08.01.2026

Halbierungsinitiative

Gewerbe mobilisiert gegen Abgabe

Der Schweizerische Gewerbeverband lanciert eine Digitalkampagne unter dem Motto «1 x zahlen ist genug!».

Auf einer Kampagnen-Website können Unternehmerinnen und Unternehmer eigene Testimonial-Grafiken für Social Media erstellen. Die Website bietet einen Konfigurator, mit dem Nutzer personalisierte Kampagnenbilder generieren können. Zur Auswahl stehen acht vorgefertigte Aussagen, darunter «Ich investiere lieber in Mitarbeiterinnen und Mitarbeiter, nicht in Zwangsgebühren» oder «Die Doppelsteuer für das Gewerbe ist unfair». Ein Ja zur Initiative würde 148'000 Unternehmen von der Mediensteuer befreien.

Die SRG-Initiative «200 Franken sind genug!» verlangt neben der Senkung der Serafe-Gebühr für Haushalte von 335 auf 200 Franken die Abschaffung der Medienabgabe für Unternehmen. Schweizer Unternehmen entrichten derzeit jährlich 180 Millionen Franken an die SRG, während ihre Mitarbeitenden bereits privat über die Serafe-Gebühr zur Finanzierung beitragen, wie es in einer Mitteilung heisst. Die Abgabe wird umsatzabhängig erhoben, unabhängig davon, ob SRG-Angebote im Betrieb genutzt werden.
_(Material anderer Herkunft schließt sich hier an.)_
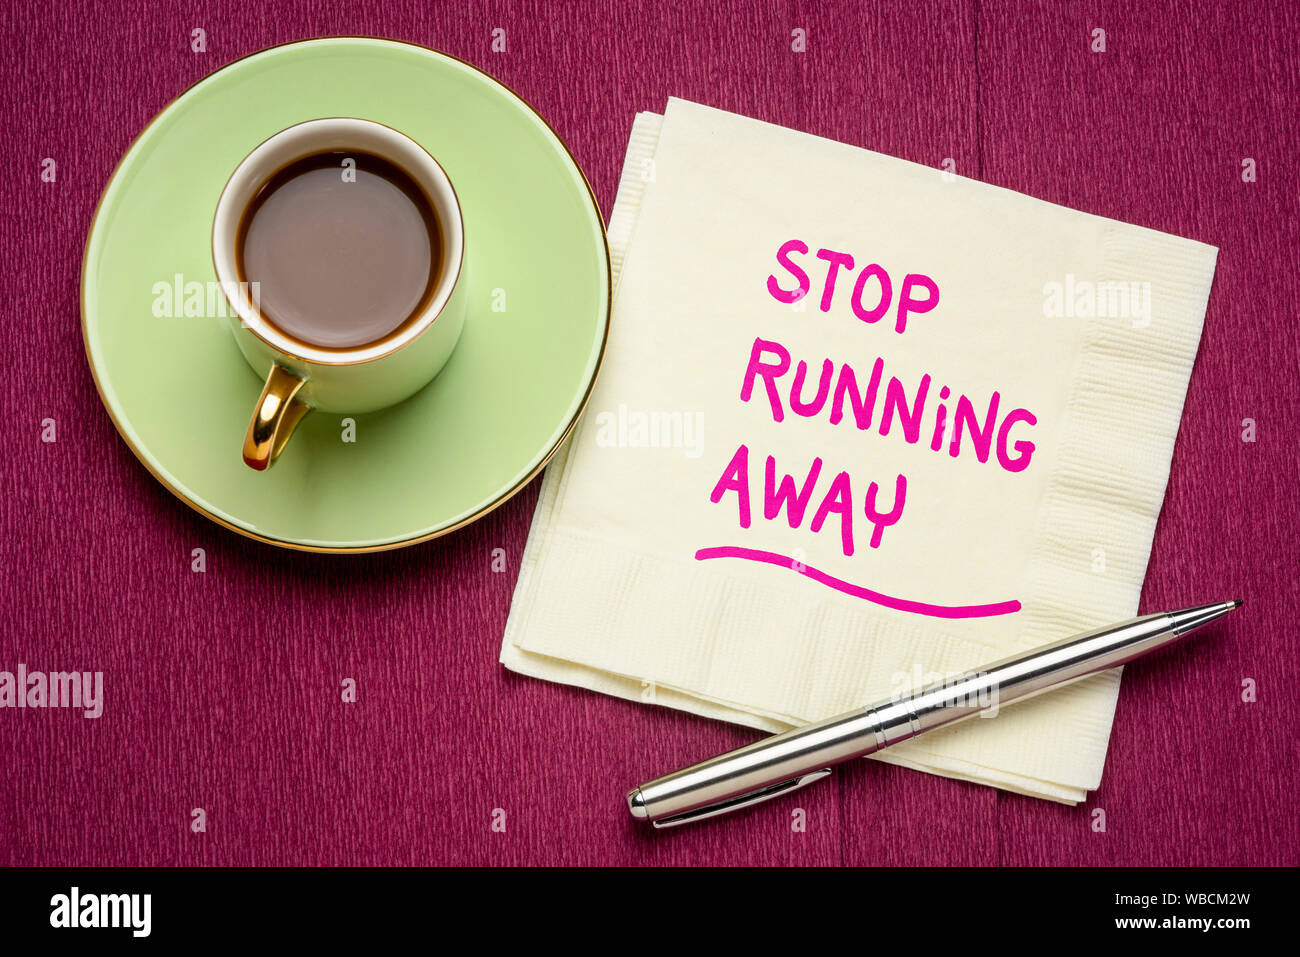 Haltestelle laufen - motivierende Handschrift auf eine Serviette mit einer Tasse Kaffee Stockfoto

Das Bundesverwaltungsgericht stellte 2019 fest, dass die degressive Tarifgestaltung der SRG für Unternehmen verfassungswidrig ist. Fabio Regazzi, Präsident des Schweizerischen Gewerbeverbands (SGV), betont in der Mitteilung, dass sein Metallbauunternehmen mehrere tausend Franken jährlich an die SRG zahle, die er lieber in Lehrlingsbetreuung oder Weiterbildung investieren würde. «Es soll mir jemand erklären, warum wir Unternehmer jährlich 180 Millionen Franken an die SRG bezahlen sollen, nachdem wir SRG nicht konsumieren», so Regazzi. Pierre Daniel Senn, Vizepräsident des SGV, erklärt, Unternehmen bezahlten heute ein Vielfaches dessen, was sie vor zehn Jahren bezahlt hätten.

Die Initiative wird unter anderem von GastroSuisse und dem Centre Patronal unterstützt. (pd/cbe)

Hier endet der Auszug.